Its challenges include funding and scaling up the education programme, while its future goals include scaling up school activities, displaying large-format sculptures in public spaces, and strengthening collaboration with artists and museums. Overall, it remains true to its mission of making data tangible, inclusive, and actionable.
UniversiDATA-Lab is a dynamic repository of analytical applications based on open data from Spanish universities, created in 2020 as a public-private collaboration and currently made up of six institutions. Its unified infrastructure facilitates the publication and reuse of data in standardized formats, reducing barriers and allowing students, researchers, companies and citizens to access useful information for education, research and decision-making.
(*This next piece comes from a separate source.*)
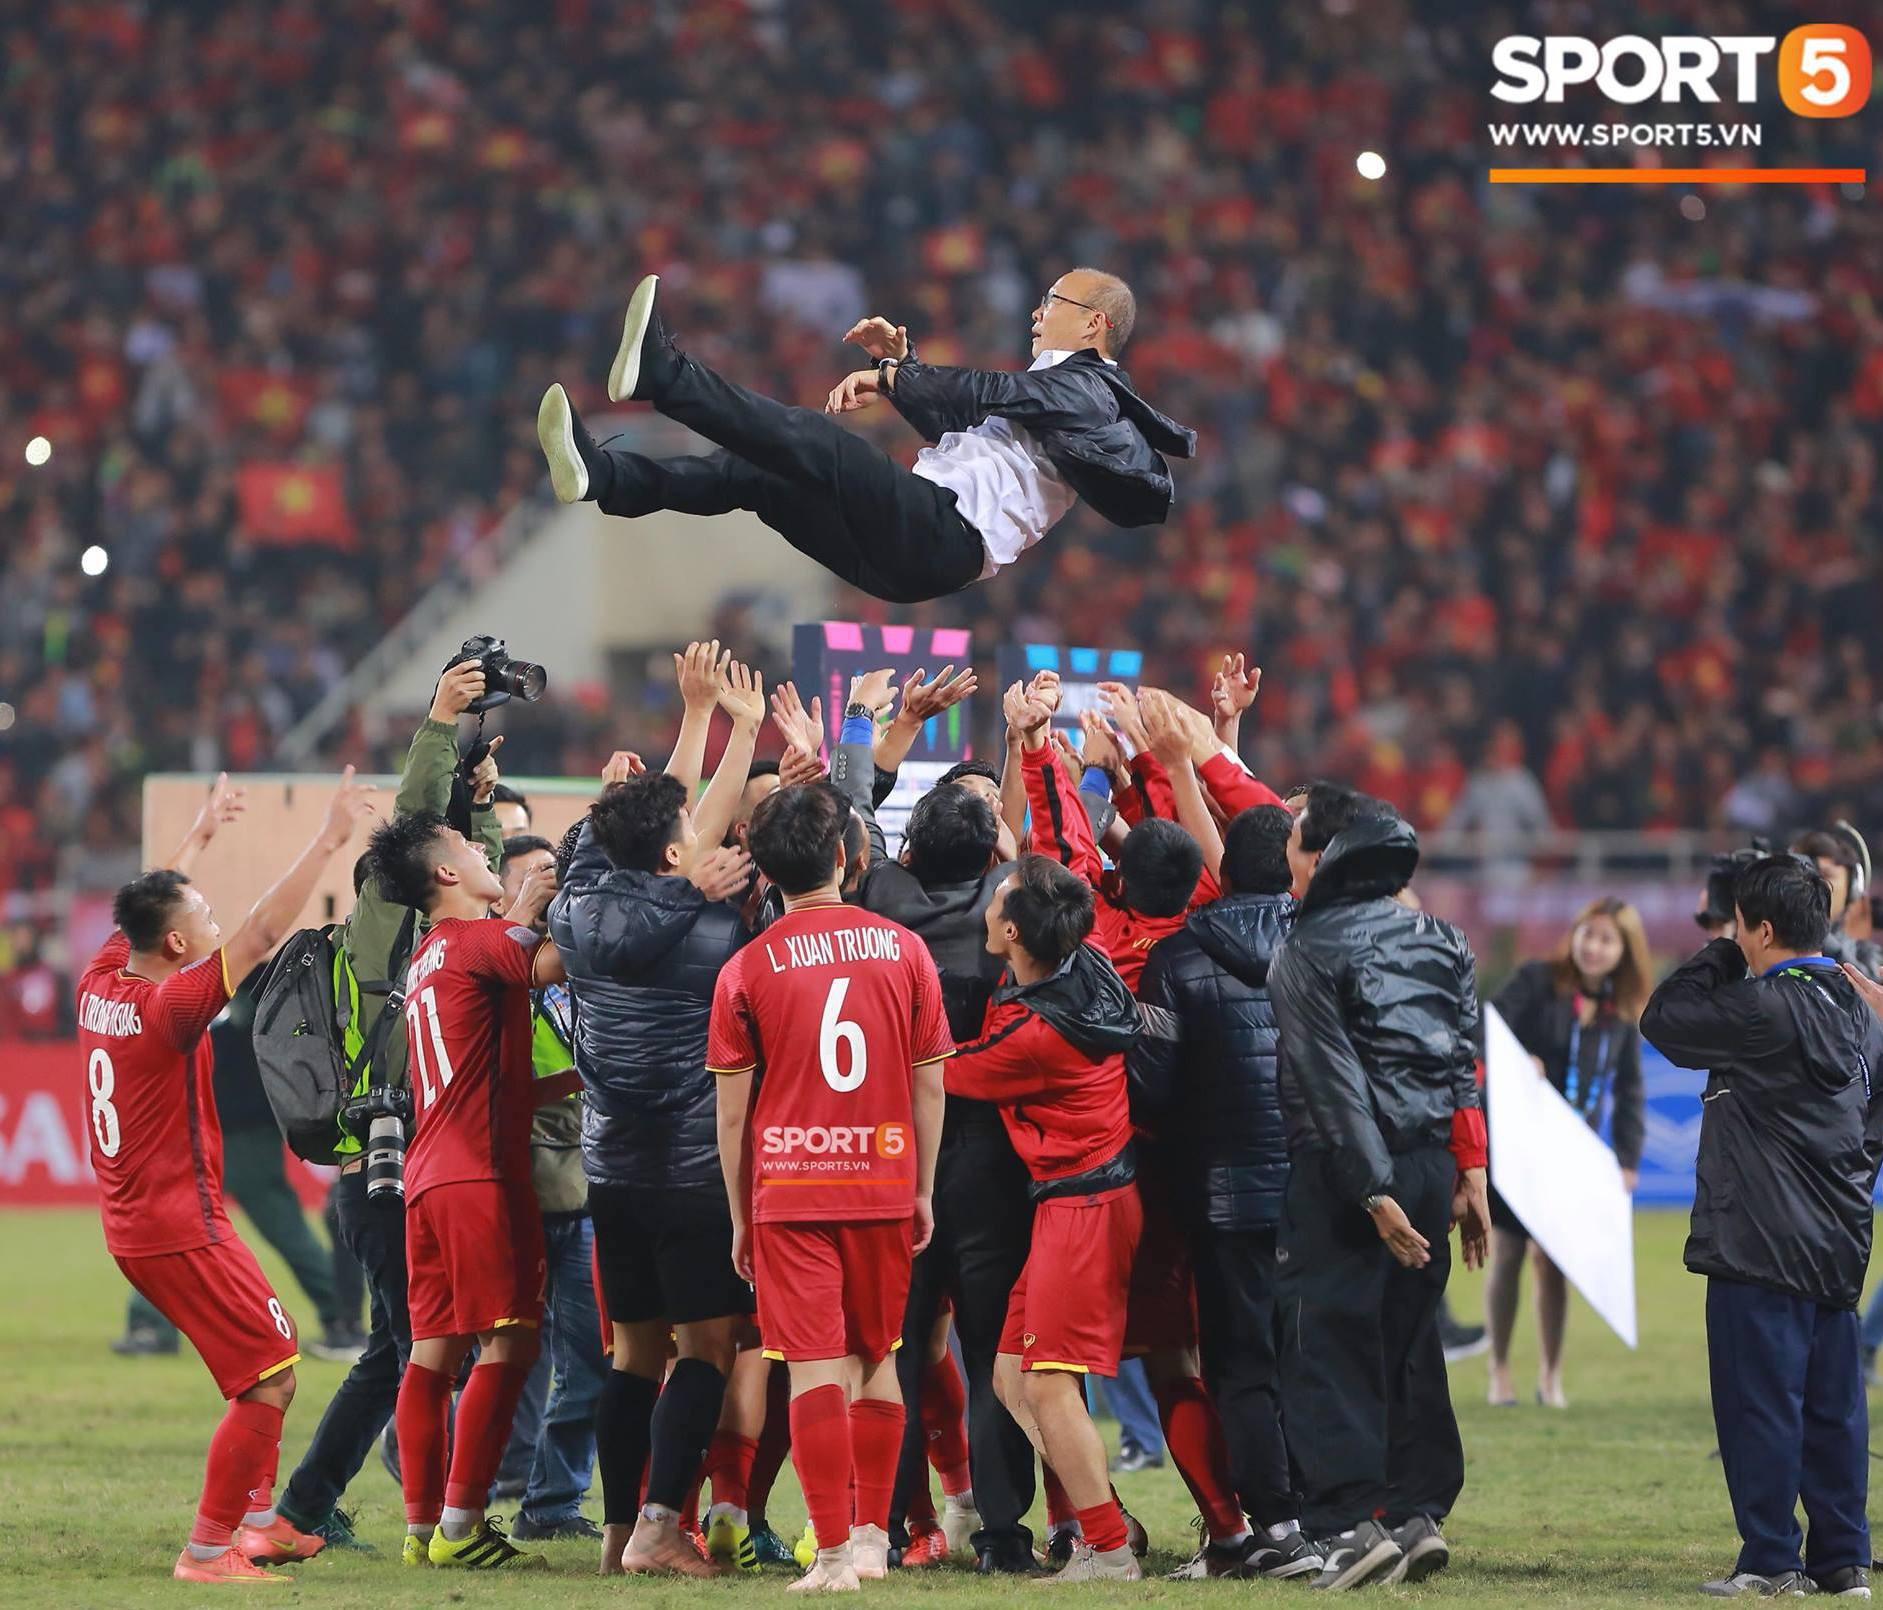 AFF Cup 2018 đã kết thúc, Việt Nam đã chiến thắng, và 10 khoảnh khắc đẹp nhất sẽ mãi lưu trong lòng người Việt-1

Over the past three years, the project has grown from a prototype to a consolidated platform, with active applications such as the budget and retirement viewer, and a hiring viewer in beta. In addition, it organizes a periodic datathon that promotes innovation and projects with social impact.
Its challenges include internal resistance at some universities and the complex anonymization of sensitive data, although it has responded with robust protocols and a focus on transparency. Looking to the future, it seeks to expand its catalogue, add new universities and launch applications on emerging issues such as school dropouts, teacher diversity or sustainability, aspiring to become a European benchmark in the reuse of open data in higher education.
Conclusion
In conclusion, the third volume of the Use Case Observatory confirms that open data has established itself as a key tool to boost innovation, transparency and sustainability in Europe. The projects analysed – and in particular the Spanish initiatives Planttes, Tangible Data and UniversiDATA-Lab – demonstrate that the reuse of public information can translate into concrete benefits for citizens, education, research and the environment.